[Data provided]
[Start of Attachment]

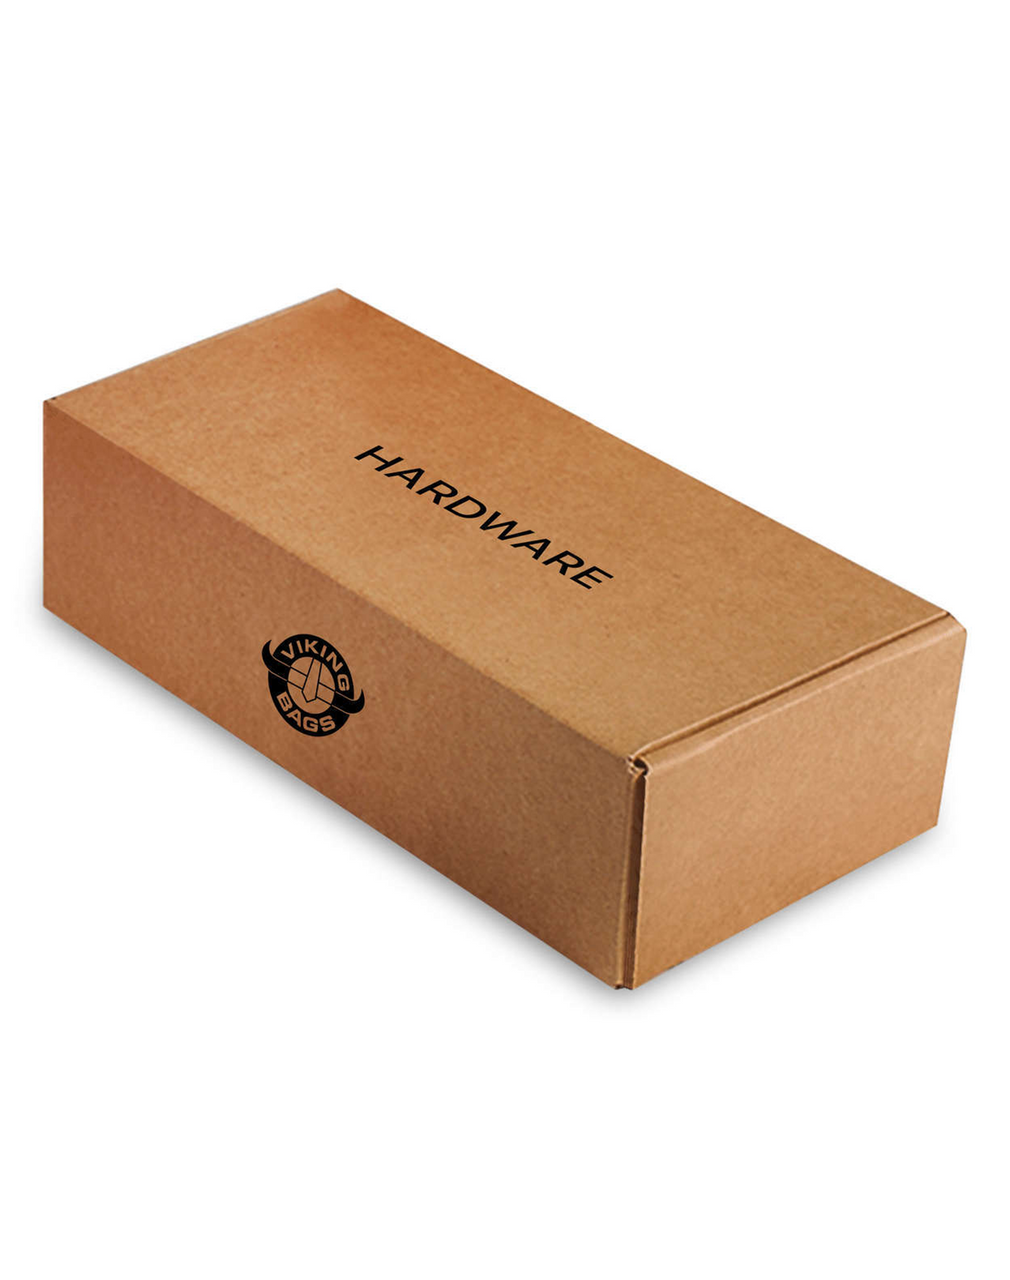 Honda 1500 Valkyrie Interstate Charger Medium Single Strap Motorcycle Saddlebags Hardware Box
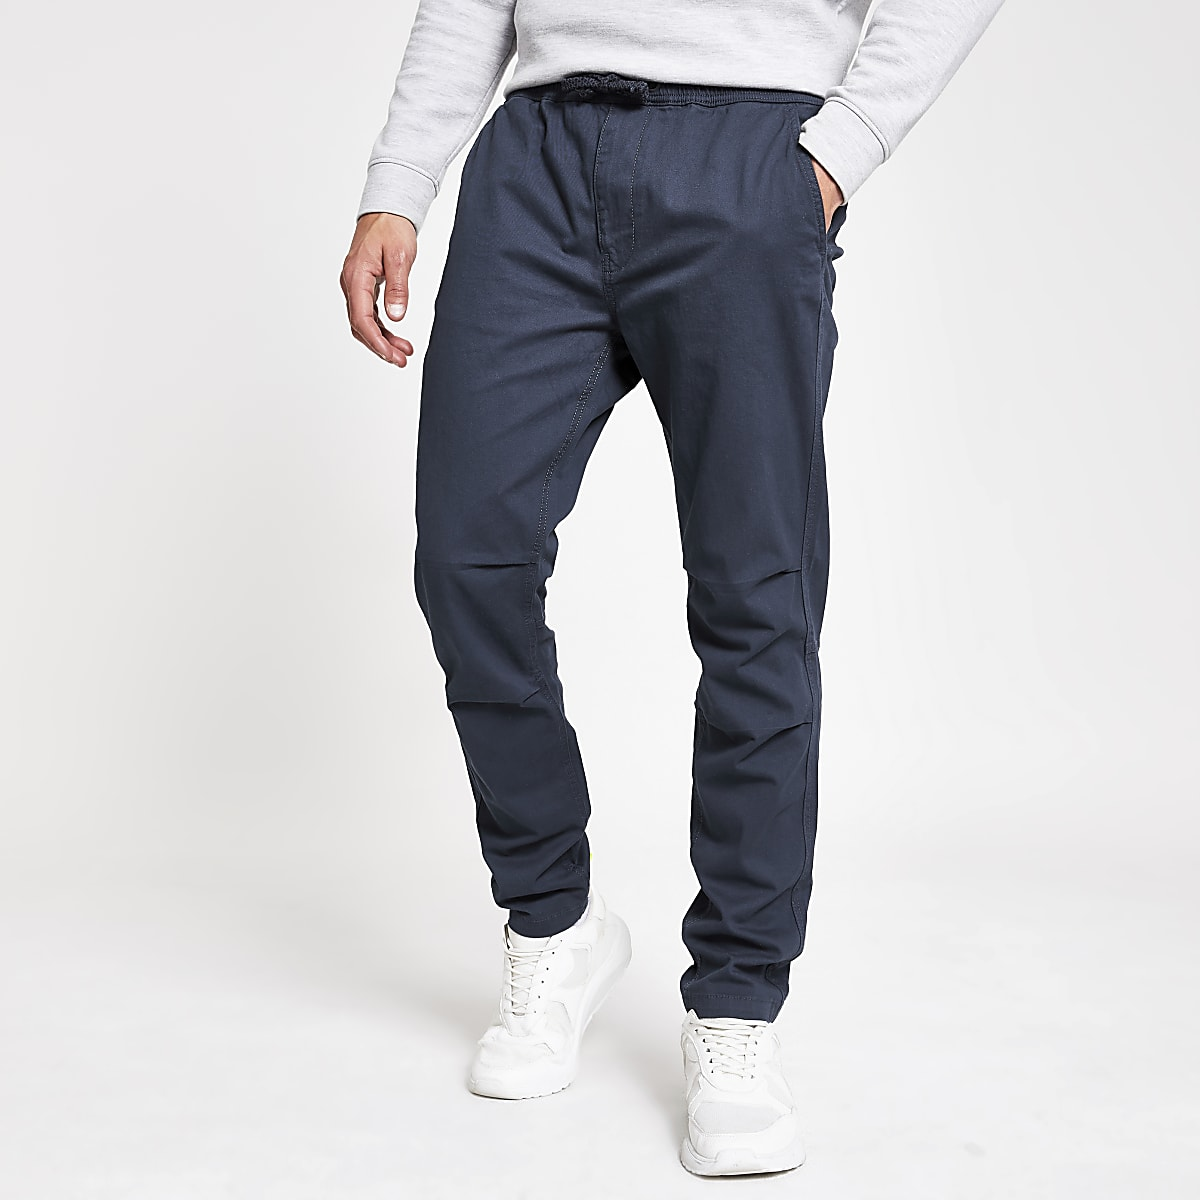 Superdry – Pantalon bleu fonctionnel
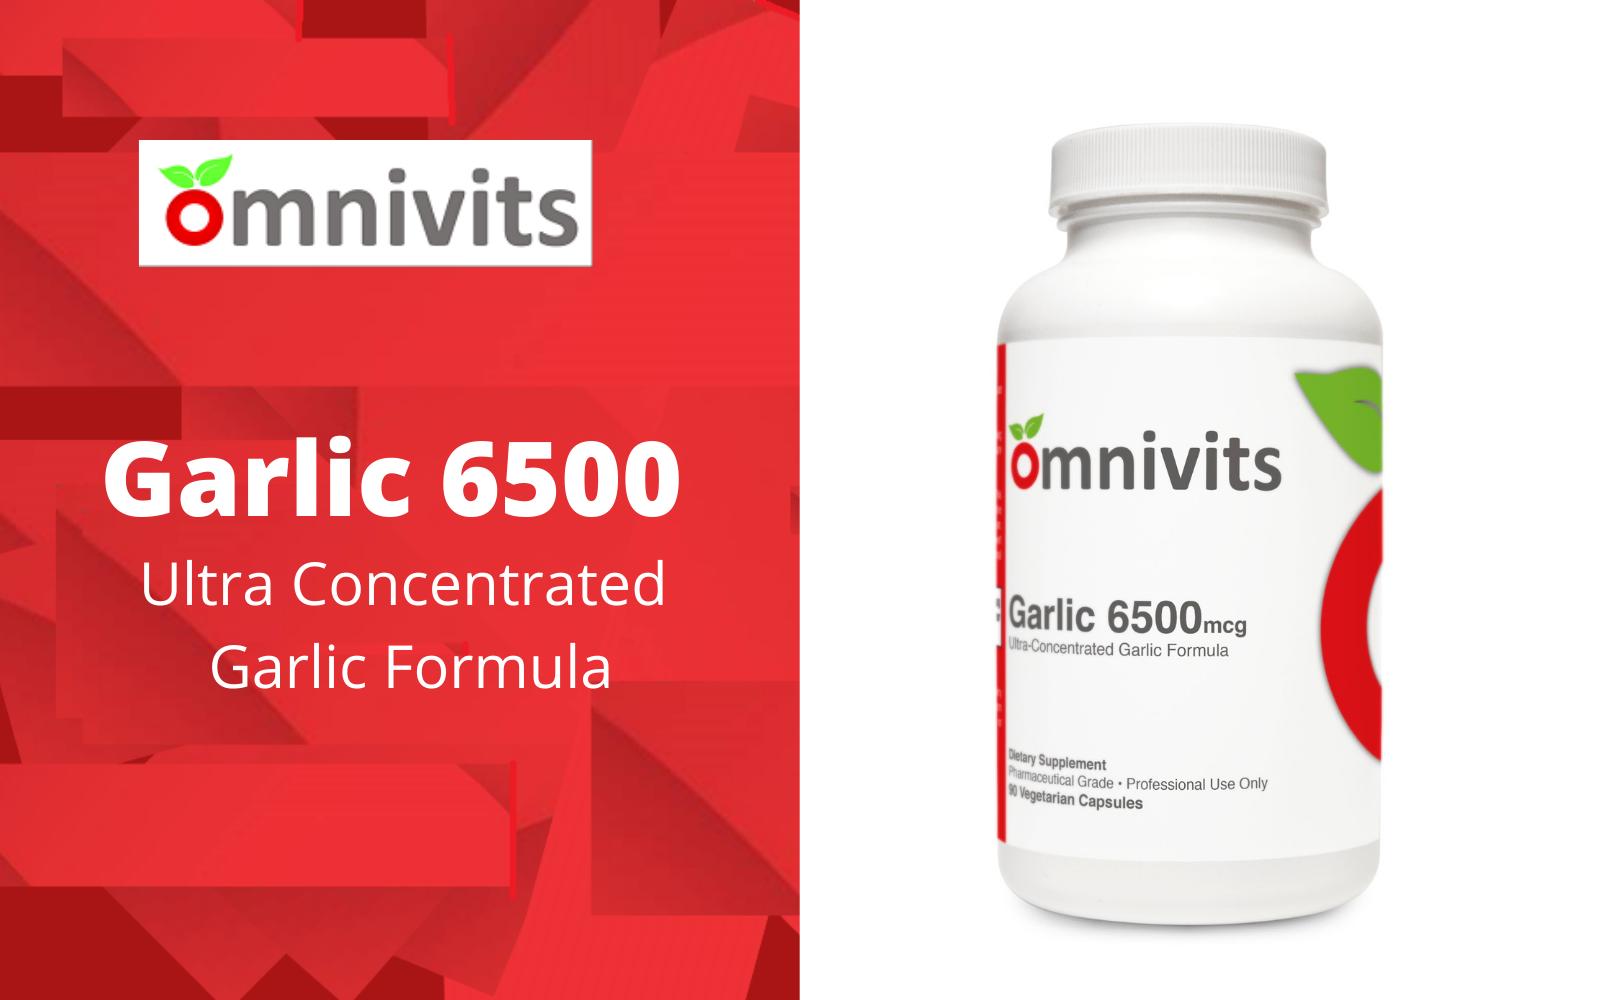 Garlic extract supplement kyolic aged garlic extract  allicillin garlinase
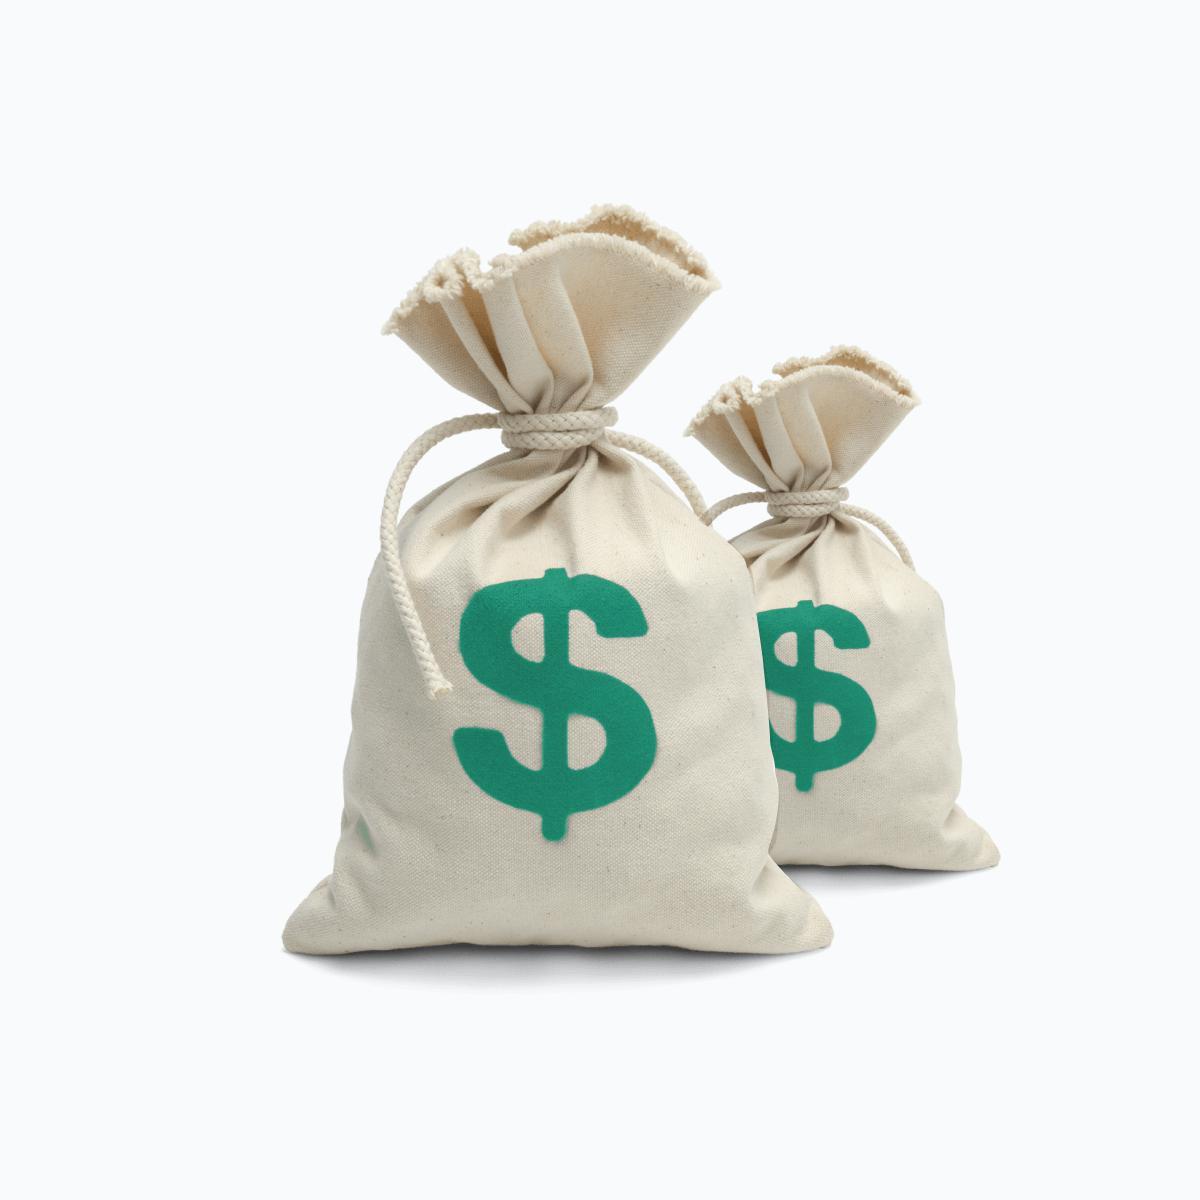 Moneylion personal loan advice

[End of Attachment]

Every line above should be copied exactly; do not carry over the pictures.

 Honda 1500 Valkyrie Interstate Charger Medium Single Strap Motorcycle Saddlebags Hardware Box
 Superdry – Pantalon bleu fonctionnel
 Garlic extract supplement kyolic aged garlic extract  allicillin garlinase
 Moneylion personal loan advice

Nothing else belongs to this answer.